Small, Cheap AI Models Match Mythos on Flagship Vulnerability Finds

Security firm AISLE ran Anthropic’s showcase Mythos vulnerabilities through small, open-weights models and found they recovered much of the same analysis. All eight models tested detected the flagship FreeBSD exploit, including a 3.6B-parameter model costing $0.11 per million tokens. A 5.1B-active model reproduced the core chain behind the 27-year-old OpenBSD bug. On a basic security reasoning benchmark, small open models outperformed most frontier models from every major lab.

AISLE argues that AI cybersecurity capability is “jagged” - it doesn’t scale smoothly with model size or price, and the rankings reshuffle completely across different task types. There is no stable best model. The real pipeline decomposes into broad-spectrum scanning, vulnerability detection, triage, patch generation, and exploit construction, each with different scaling properties. Their own system has produced over 180 validated CVEs across 30+ projects using multiple model families, with Anthropic’s models not consistently on top.

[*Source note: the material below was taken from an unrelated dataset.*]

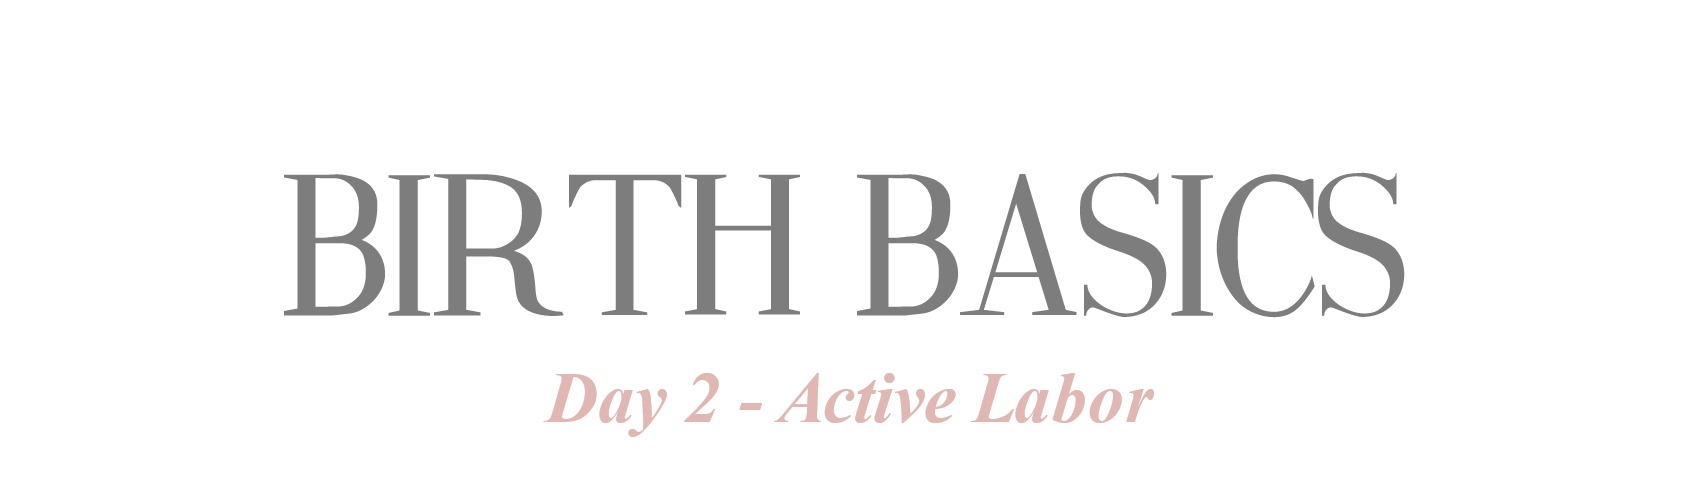 Birth Basics - Day 2 - Active Labor.jpg
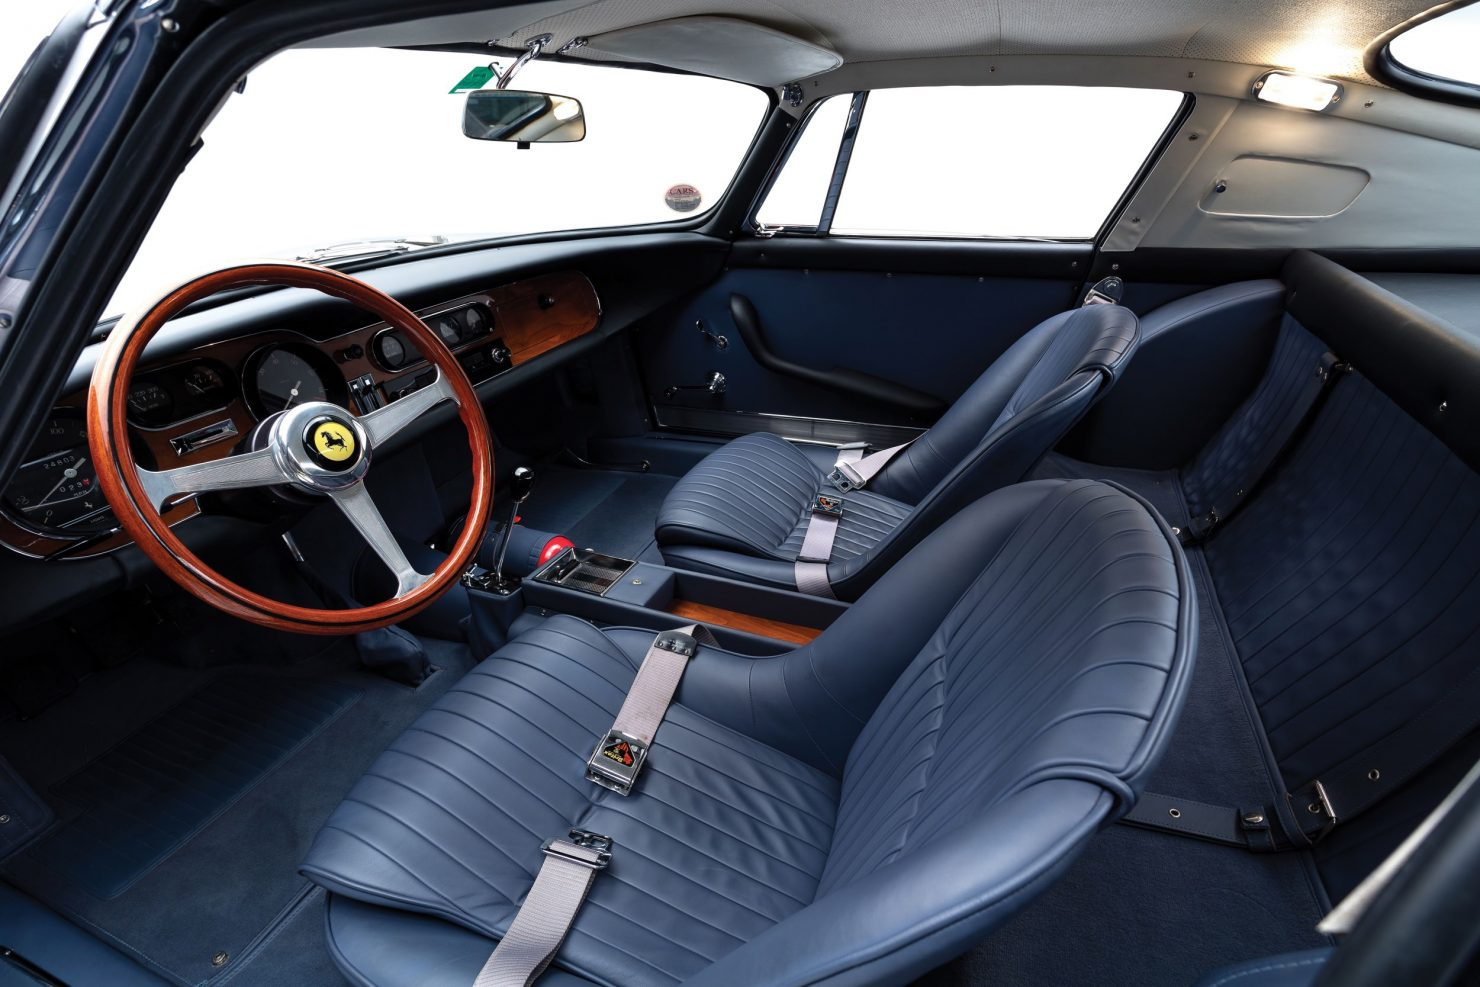 ferrari 275 gtb car 4 1480x987 - 1965 Ferrari 275 GTB/6C Alloy

The central thesis: the moat in AI cybersecurity is the orchestration system - targeting, iterative deepening, validation, triage, and maintainer trust - not any single model. Cheap models deployed broadly with expert scaffolding can outperform one expensive model that has to guess where to look. Mythos validates that the category is real, but the open question remains how to make it work at scale with maintainer trust, and that problem isn’t model-bound.